Each test case consists of an integer n (n<=4,294,967,295). Here n is the maximum number of trees.
The Output
For each test case, print one line containing the actual number of nodes.
Sample Input
5 14 42
Sample Output
3 4 5
公式 f[n] = C(2*n,n)/(n+1)
原本的遞迴公式 f[n]=f[0]*f[n-1]+f[1]*f[n-2]+…+f[n-1]*f[0]

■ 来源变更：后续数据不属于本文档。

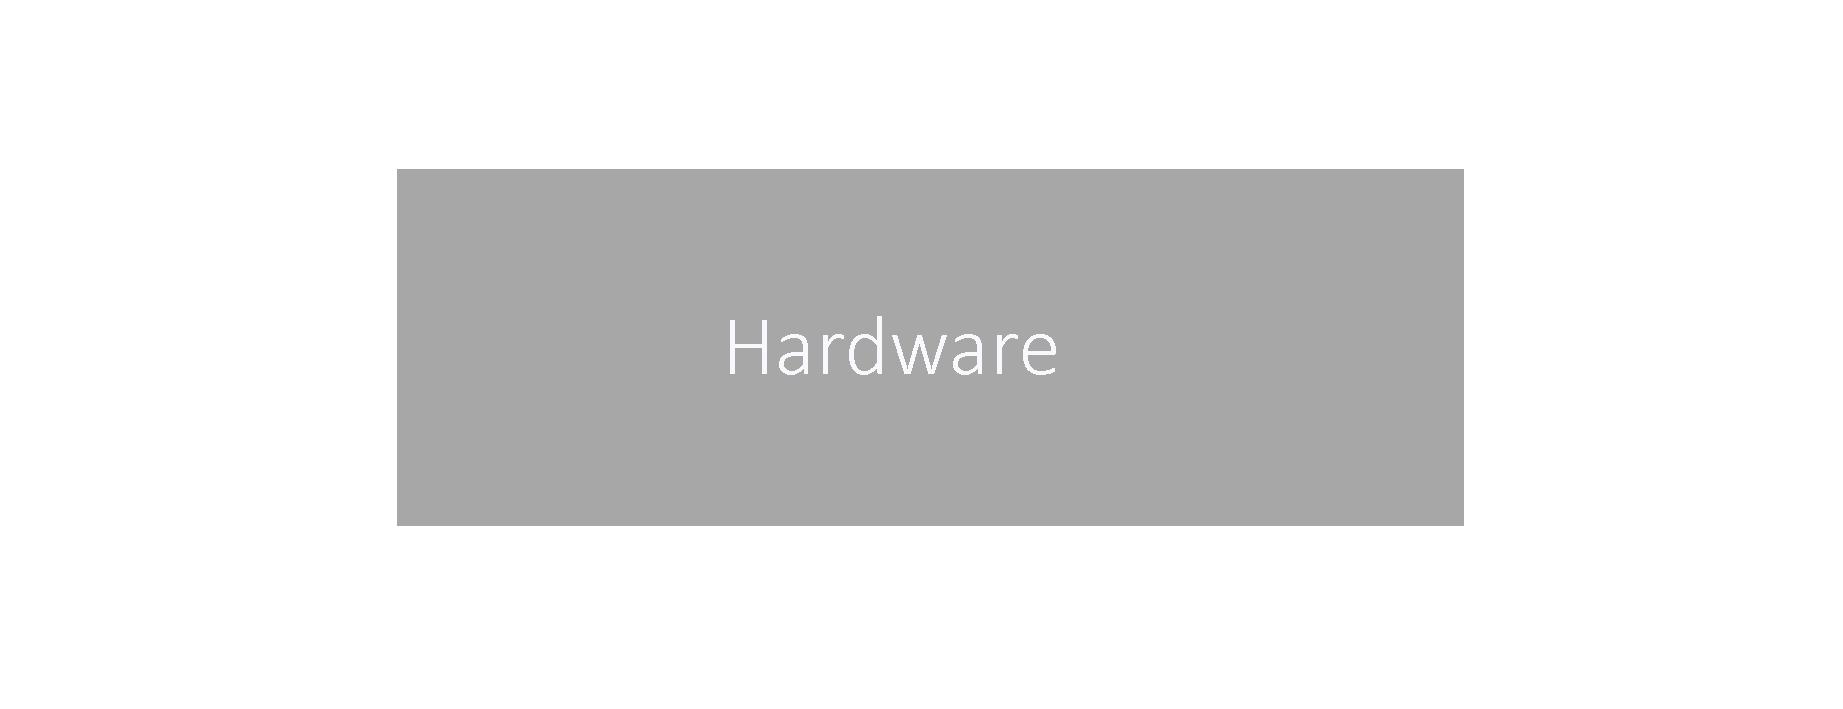 Hardware Microsoft Teams, Headsets Microsoft Teams, Telefone für Microsoft Teams

產生遞迴後 f[n]=(4n-2)/(n+1)*f[n-1]
#include <stdio.h>
#include <iostream>
#include <map>
using namespace std;
int main() {
long long f = 1;
map<long long, int> record;
record[1] = 1;
for(int i = 2; i <= 100; i++) {
f = f*(4*i-2)/(i+1);
record[f] = i;
}
while(scanf("%lld", &f) == 1) {
printf("%d\n", record[f]);
}
return 0;
}
順便練習 JAVA 的大數與 map使用
import java.math.BigInteger;
import java.util.Scanner;
import java.util.HashMap;
import java.util.Map;
public class Main {
public static void main(String[] args) {
BigInteger[] f = new BigInteger[1001];
Map<String, Integer> map = new HashMap<String, Integer>();
f[1] = BigInteger.valueOf(1);
map.put(f[1].toString(), 1);
for(int i = 2; i <= 100; i++) {
f[i] = f[i-1].multiply(BigInteger.valueOf(4*i-2)).divide(BigInteger.valueOf(i+1));
map.put(f[i].toString(), i);
}
Scanner cin = new Scanner(System.in);
while(cin.hasNext()) {
long n = cin.nextLong();
System.out.println(map.get("" + n));
}
}
}